A case can be made that its version number should match the version of perl itself for which it provides polyfill functions. Thus, code could write:
use builtin v5.40;
# and now all the builtin:: functions from perl v5.40 are available
This does initially seem attractive, until one considers the possibility that a dual-life implementation of these polyfills might contain bugs that require later revisions to fix. How would the version numbering of the dual-life distribution reflect the fact that the implementation contains a bugfix on top of these?
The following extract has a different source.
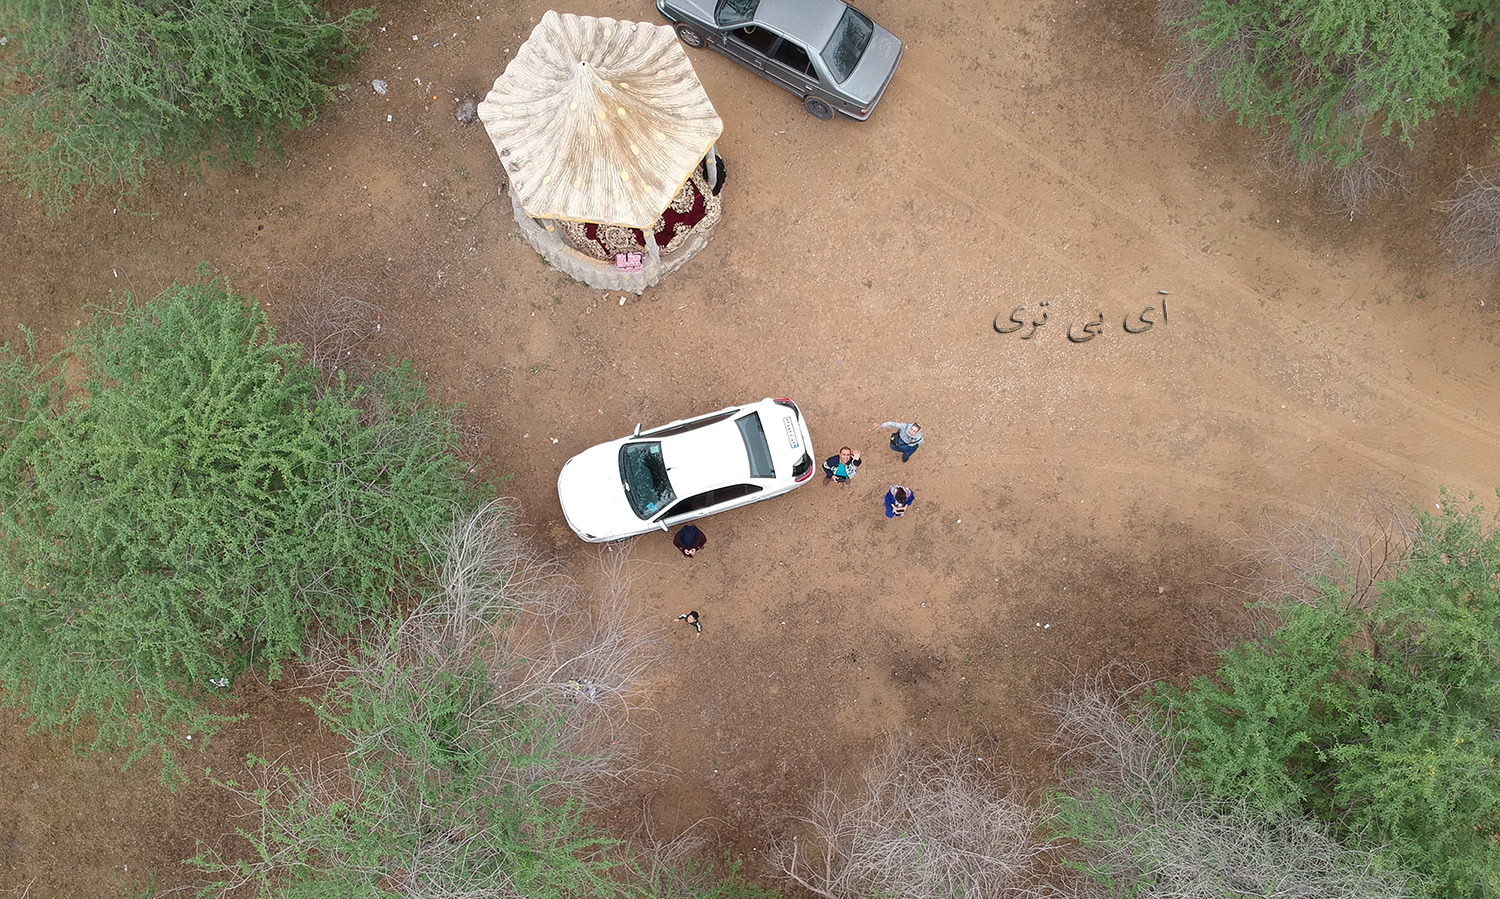 پارک جنگلی چاهکوتاه بوشهر تصویر از پهباد دی جی اسپارک dji spark
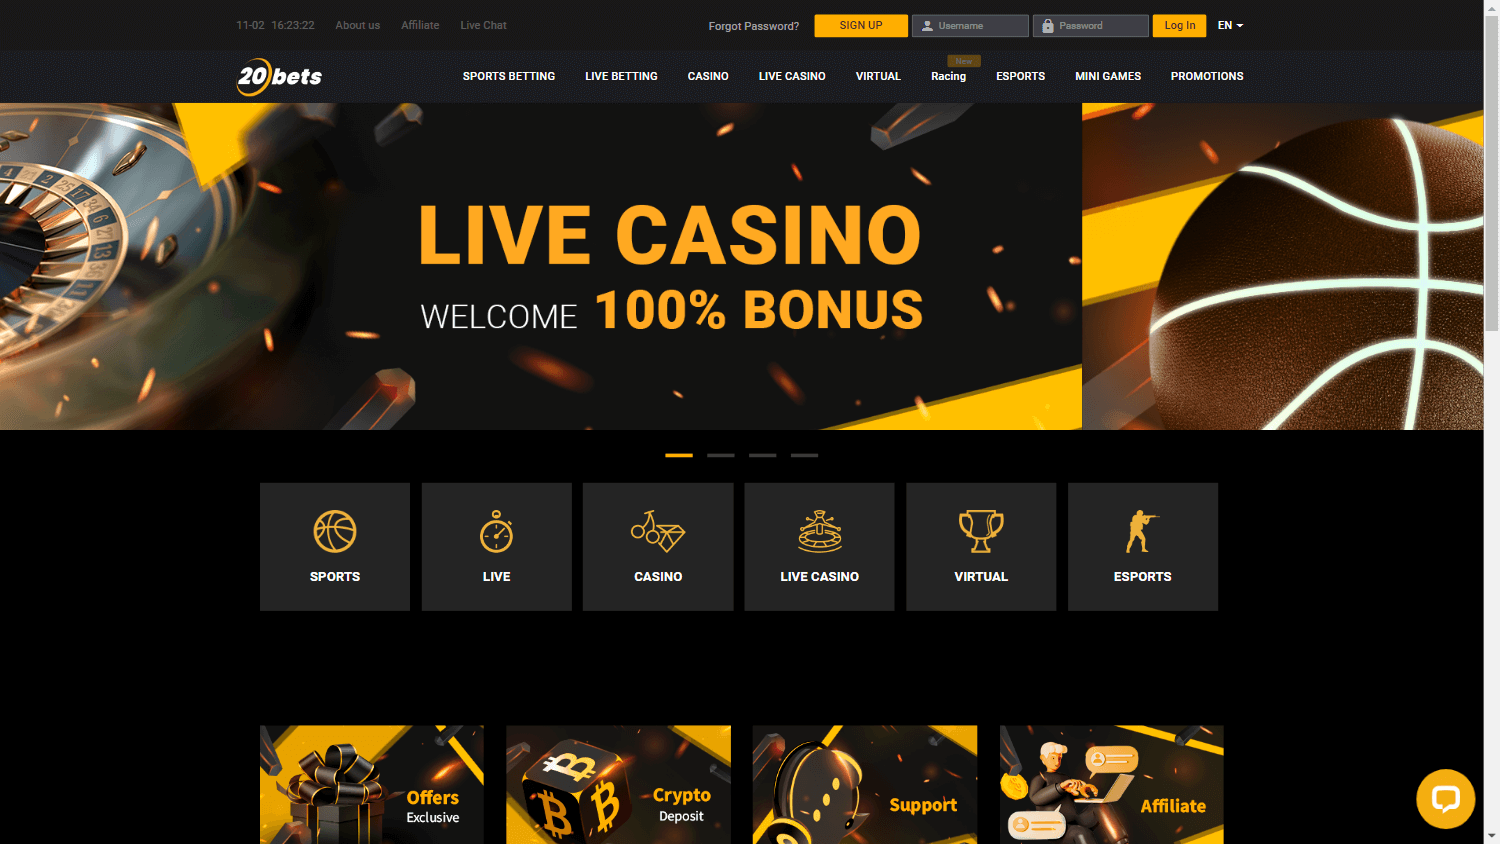 20bets_casino_homepage_desktop

Polyfill for Unavailable Semantics
While not directly related to the question of how to provide builtin
functions to new perls, by offering to provide a dual-life module on
CPAN as a polyfill for older perl releases, the question arises on what
to do if older perls cannot support the semantics of a provided
function. The current suggestion of copying existing functions out of
places like Scalar::Util
does not cause this problem, but
when we consider some of the additional PPCs we run into some more
complex edge-cases.
For example, PPC 0008 proposes adding new functions true
and false
to provide real language-level boolean values,
and an isbool
predicate function to enquire whether a given
value has boolean intention. The first two can be easily provided on
older perls, but polyfilling this latter function is not possible,
because the question of “does this value have boolean intention?” is not
a meaningful question to ask on such perls. There are a number of
possible ways to handle this situation:
Refuse to import the symbol -
use builtin 'isbool'
would fail at compiletimeImport, but refuse to invoke the function -
if( isbool $x ) { ... }
would throw an exceptionGive a meaningful but inaccurate answer -
isbool $x
would always return false, as the concept of “boolean intention” does not exist here
Each of these could be argued as the correct behaviour. While it is not directly a question this PPC needs to answer, it is at least acknowledged that some added polyfill functions would have this question, and it would be encouraged that all polyfilled functions should attempt to act as consistently as reasonably possible in this regard.
Copyright
Copyright (C) 2021, Paul Evans.
This document and code and documentation within it may be used, redistributed and/or modified under the same terms as Perl itself.